Полежаевский портрет цыганки в свое время поставил в тупик А. В. Дружинина. «Читатель, — писал он, — даже не может дать себе отчета, какого рода цыганку описывает поэт — молода или стара эта цыганка… Поэт даже как бы нарочно запутывает представления; сладостные речи у него выходят страшнее ударов сечи, дивная жена имеет в глазах разбежавшиеся искры наглости… а в результате сам читатель сбивается с толку и не может решить, о ком говорено было поэтом: о прекрасной ли девушке цыганского племени или о мрачной ведьме из того же народа».[23] В своей придирчивой критике стихотворения с позиции художественного подобия жизни Дружинин довольно верно передал суть этого мозаичного, множественного, но отнюдь не индивидуального образа. Полежаевская цыганка — суммарный образ разных женских типов цыганского племени. В этот зыблющийся (и тоже оборотнический) портрет введены черты и цыганки — вещей предсказательницы судьбы, и молодой темпераментной артистки, и нескромной прельстительницы.
Пребывание в таком странном мире, внезапно меняющем свой облик, где необозримые человеческие множества (а множественность сродни неопределенности, неоднородности, хаотичности) сами не ведают, какие события они могут развязать, отдавало его во власть неведомых сил. А это влекло за собой мистификацию действительности.
Богоборческие идеи, столь ярко сказавшиеся в шестой главе «<Узника>», все же не избавили поэта от некоторых рудиментов религиозного сознания. Мысль о том, что «система звезд, прыжок сверчка, Движенье моря и смычка» — созданья «творческой руки», то есть что бог — зодчий природы, отнюдь не оспаривается в этом произведении.
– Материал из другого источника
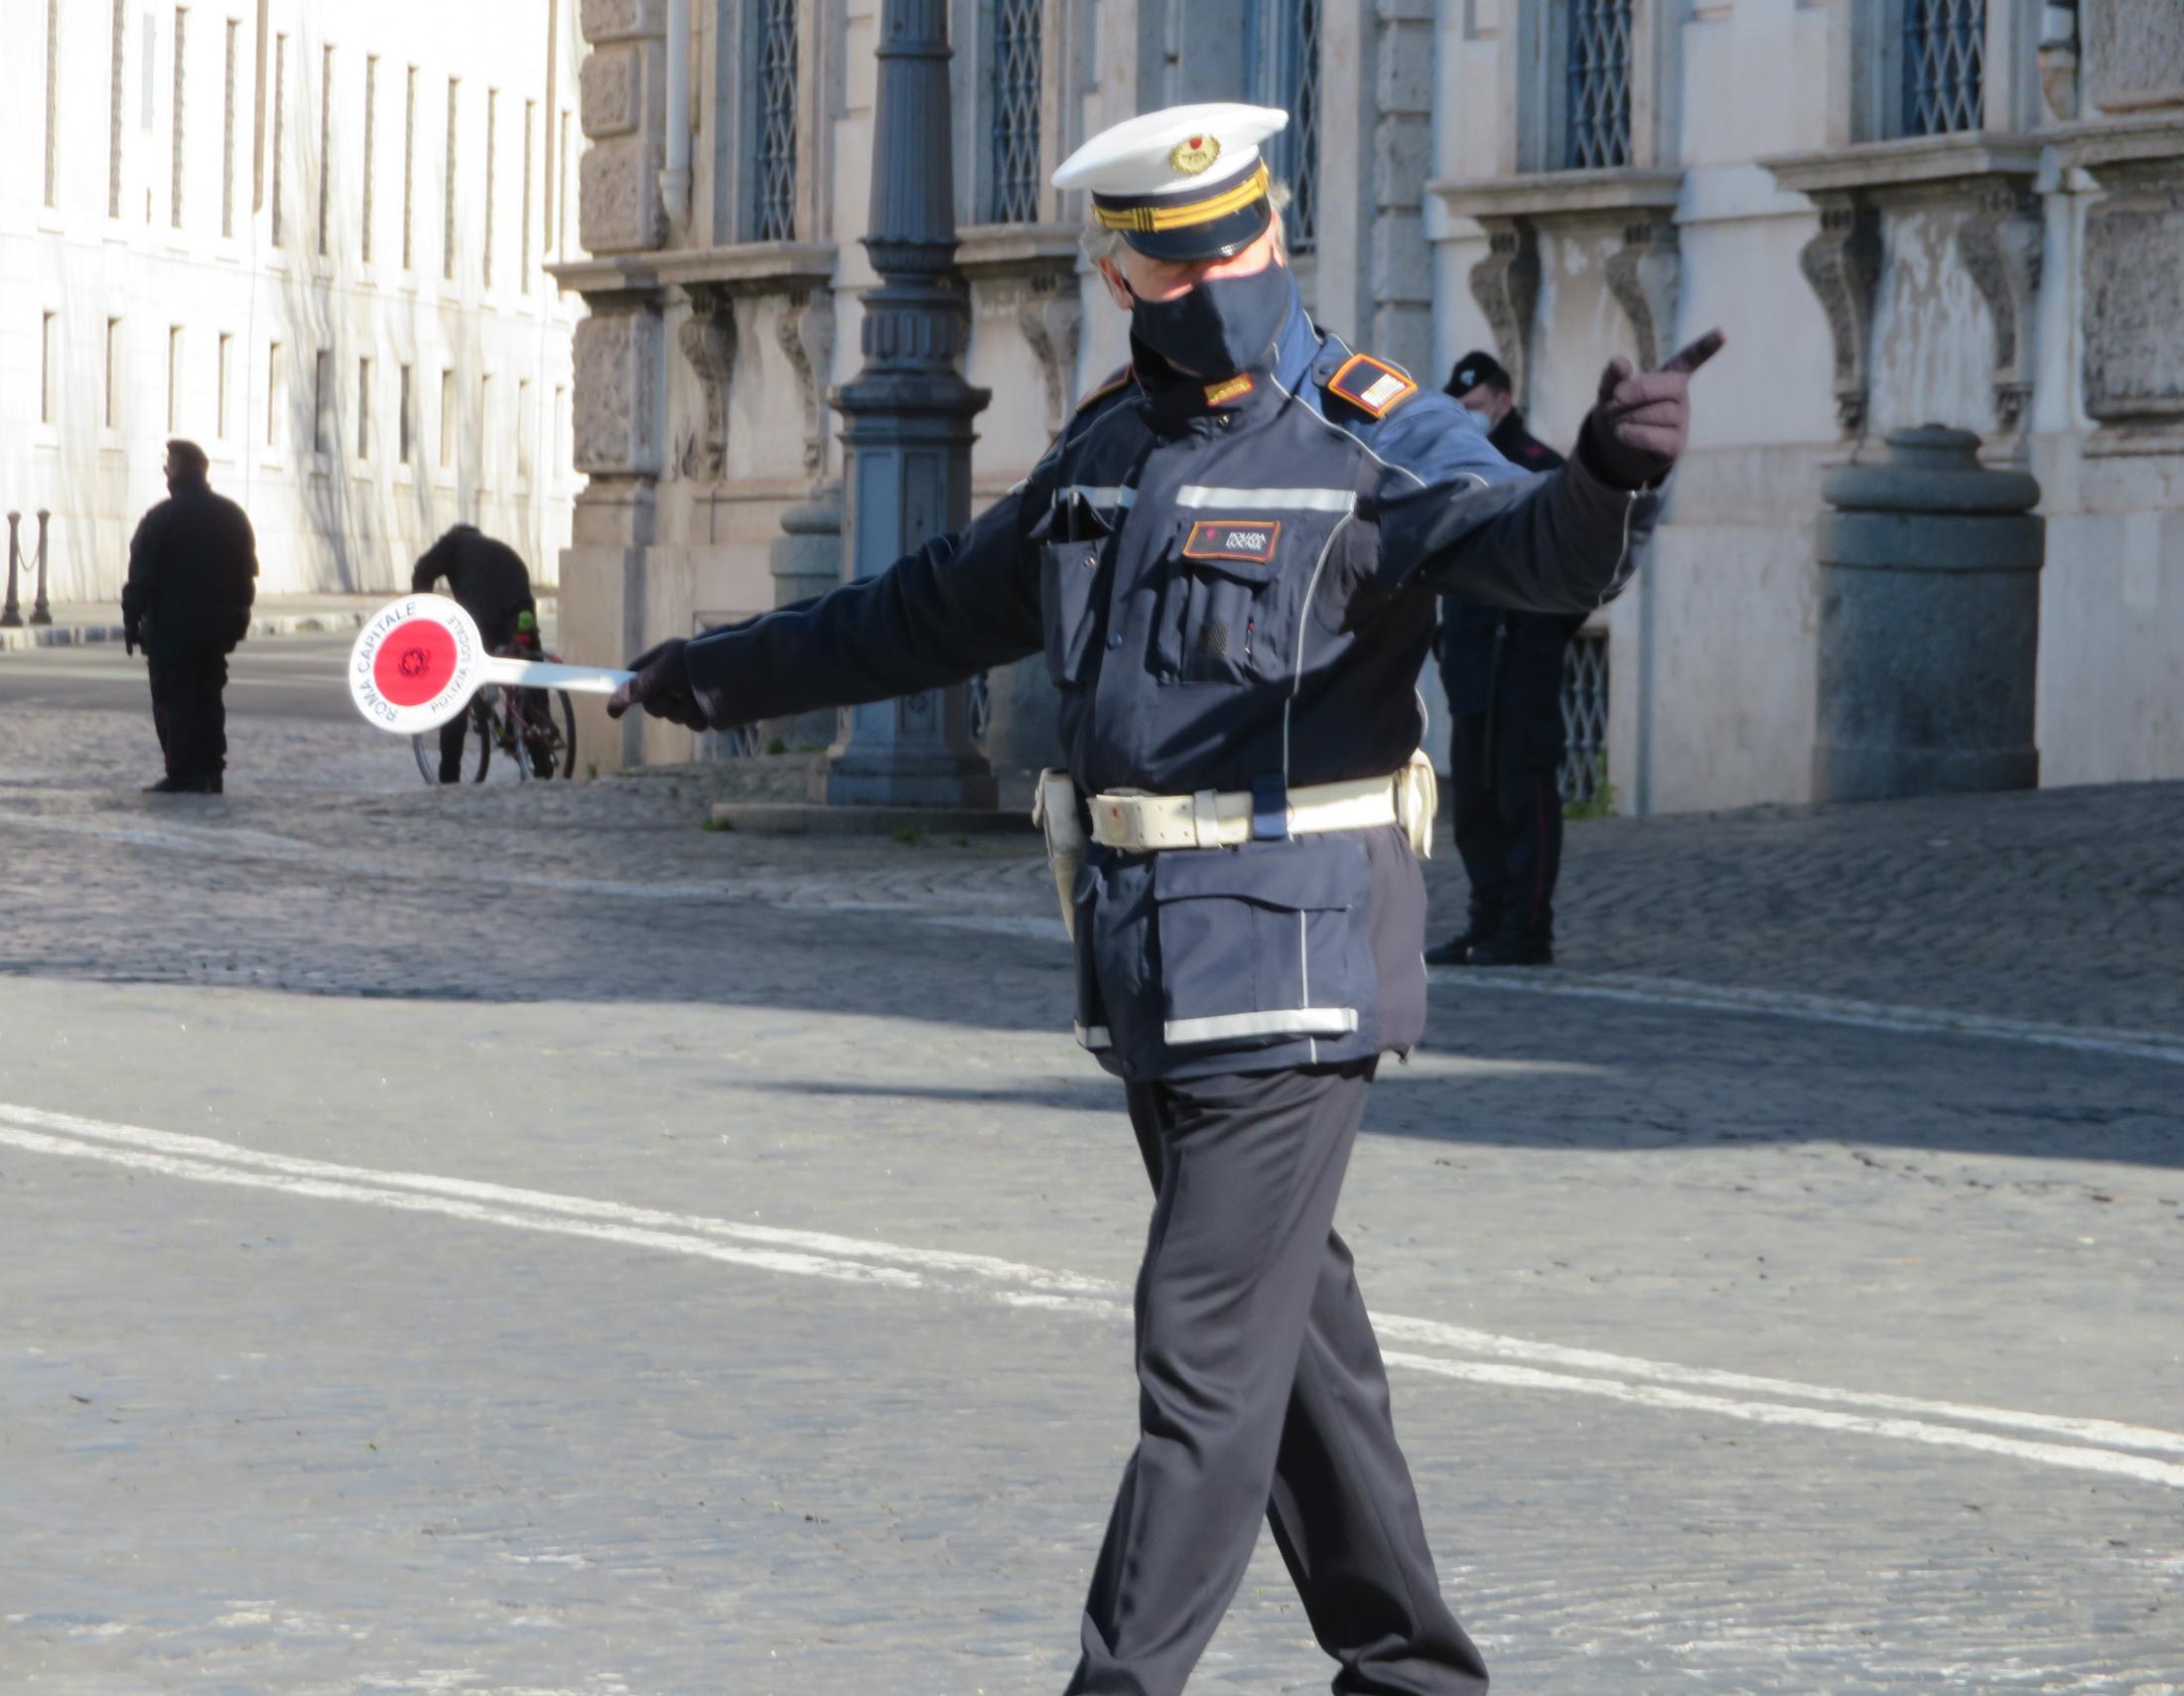 Italian security forces

В контексте других стихотворений («Ожесточенный», «Осужденный», «Атеисту», «Отчаяние») природа и бог — понятия смежные, если не тождественные. В «Отчаянии», например, природа мыслится как прямой заместитель бога, причем здесь ей приписана даже божественная миссия воскрешения мертвых. В этом можно усмотреть признаки тяготения Полежаева к пантеистическим воззрениям, но не более того. Ведь поэт не раз обращался к природе как антропоморфному и разумному существу, способному покарать, понять и простить его.